CSG: A Context-Semantic Guided Diffusion Approach in De Novo Musculoskeletal Ultrasound Image Generation

TL;DR

This work introduces Context-Semantic Guidance (CSG), a dual-conditioning diffusion framework for de novo musculoskeletal ultrasound image generation that jointly controls anatomy via semantic masks and texture via context guidance. By combining a fine-tuned StyleGAN mask generator with context-aware texture selection and a paired latent diffusion translator, CSG produces high-fidelity images including pathological findings. Three-fold validation shows improved segmentation performance, higher fidelity to real images (lower FID and related metrics), and realistic appearance in Turing tests, relative to prior methods. An extension enables text-guided geometry editing and texture augmentation to broaden the variability space, potentially enhancing robustness of ultrasound AI systems.

Abstract

The use of synthetic images in medical imaging Artificial Intelligence (AI) solutions has been shown to be beneficial in addressing the limited availability of diverse, unbiased, and representative data. Despite the extensive use of synthetic image generation methods, controlling the semantics variability and context details remains challenging, limiting their effectiveness in producing diverse and representative medical image datasets. In this work, we introduce a scalable semantic and context-conditioned generative model, coined CSG (Context-Semantic Guidance). This dual conditioning approach allows for comprehensive control over both structure and appearance, advancing the synthesis of realistic and diverse ultrasound images. We demonstrate the ability of CSG to generate findings (pathological anomalies) in musculoskeletal (MSK) ultrasound images. Moreover, we test the quality of the synthetic images using a three-fold validation protocol. The results show that the synthetic images generated by CSG improve the performance of semantic segmentation models, exhibit enhanced similarity to real images compared to the baseline methods, and are undistinguishable from real images according to a Turing test.
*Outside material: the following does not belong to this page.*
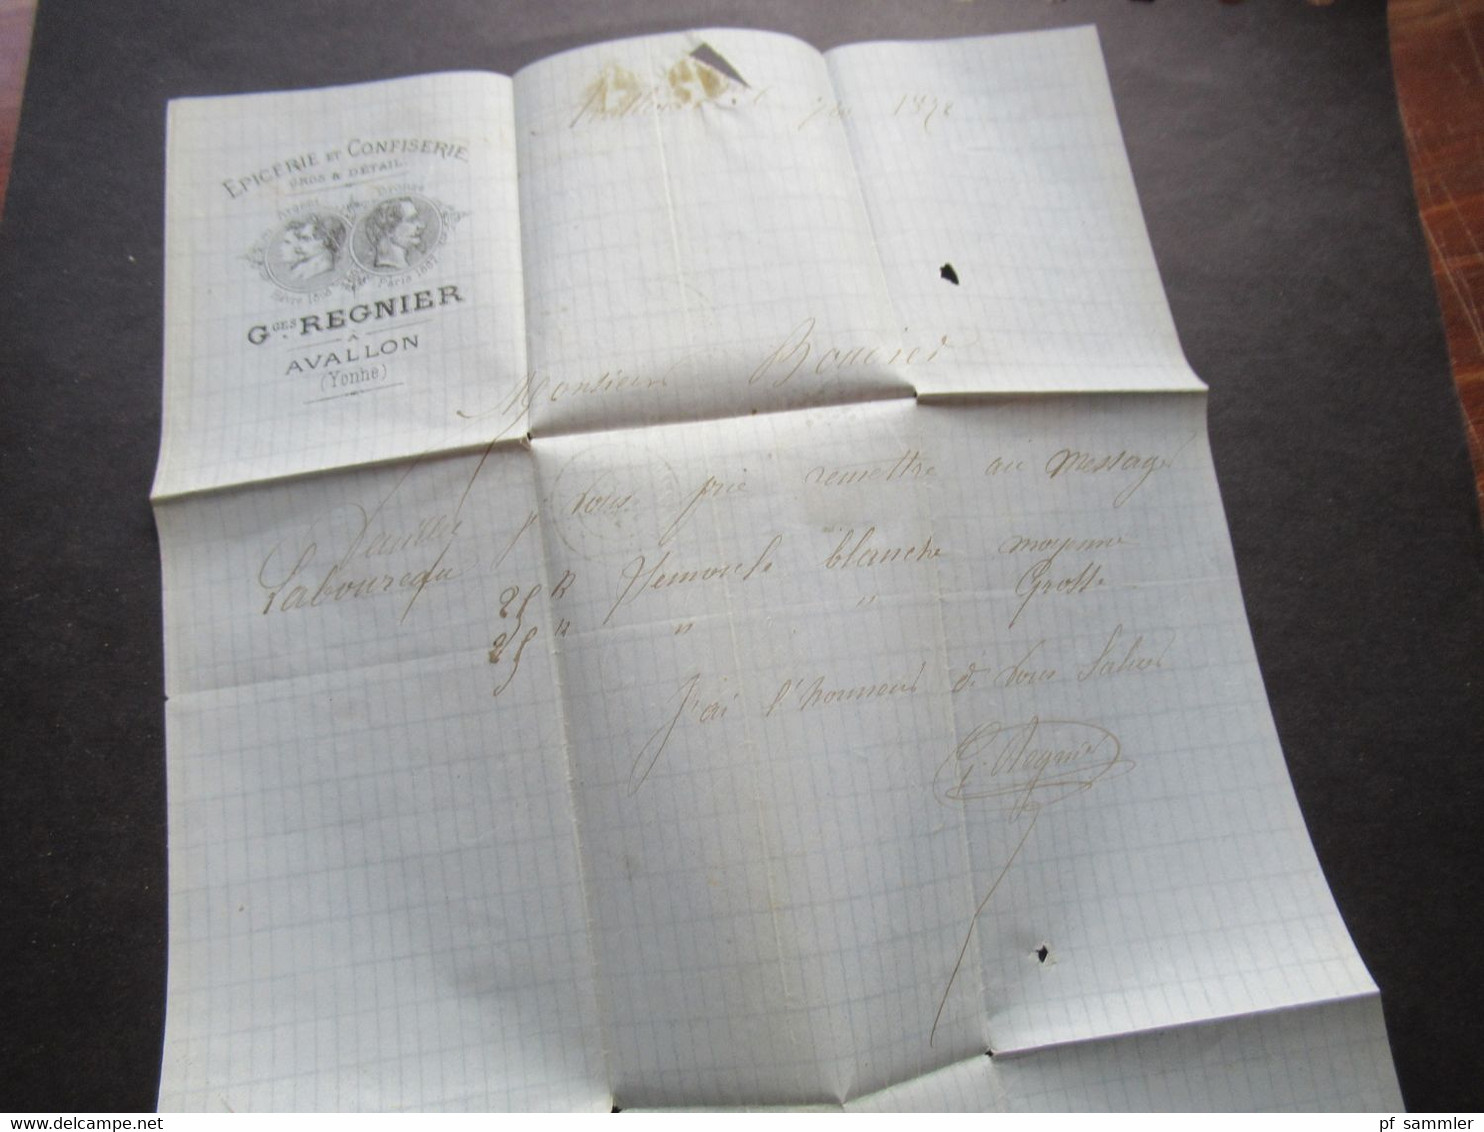 Frankreich 1872 Ceres Nr.51 EF Rauten Nummernstempel BP gedruckter Briefkopf Epicerie Ges Regnier Avallon Bahnpoststempe

Furthermore, we demonstrate an extension of the CSG that allows enhancing the variability space of images by synthetically generating augmentations of anatomical geometries and textures.

Paper Structure

This paper contains 19 sections, 1 equation, 5 figures, 3 tables.

Figures (5)

  • Figure 1: (a) Depiction of the differences between Image Translation GANs and Vanilla GANs, where the former creates synthetic images based on semantic labels. However, scalability is constrained when semantic labels are limited. In contrast, Vanilla GANs lack semantic information but offer the capability to generate an unlimited array of synthetic images. Addressing these challenges, our solution (CSG) is proposed. (b) CSG employs a triple-phase generative system. The initial step involves generating semantic masks of MSK labels using a fine-tuned StyleGAN architecture from a noise prior $z$. Subsequently, contextually similar images are selected using a neural algorithm of artistic style. Finally, the generated masks and contexts undergo processing through a paired image translation diffusion model to yield the synthetic ultrasound image. This approach harmonizes the advantages of semantic and context guidance for an unlimited and unbiased image generation.
  • Figure 2: Examples of a query and contextual similar image pairs. On the left: a query image. On the right: The most visually similar image in the dataset based on texture style selected by our context selection method.
  • Figure 3: Example synthetic ultrasound images generated by our CSG method. A semantic mask (on the left) and context image (top row) guide the synthetic image generation of our method (bottom row). Label mapping: Blue steel - muscle, Green – tendon, Light green- bone, Black - background.
  • Figure 4: Turing test results of the MSK synthetic images and a comparison of generated image examples.
  • Figure 5: Visualization of our extending the variability space. Our method allows for controlling the generation of the synthetic images by constraining its geometrical semantic properties and guiding its textural context properties. Top row: Text-guided mask editing results. Bottom row: Image-guided local texture editing results.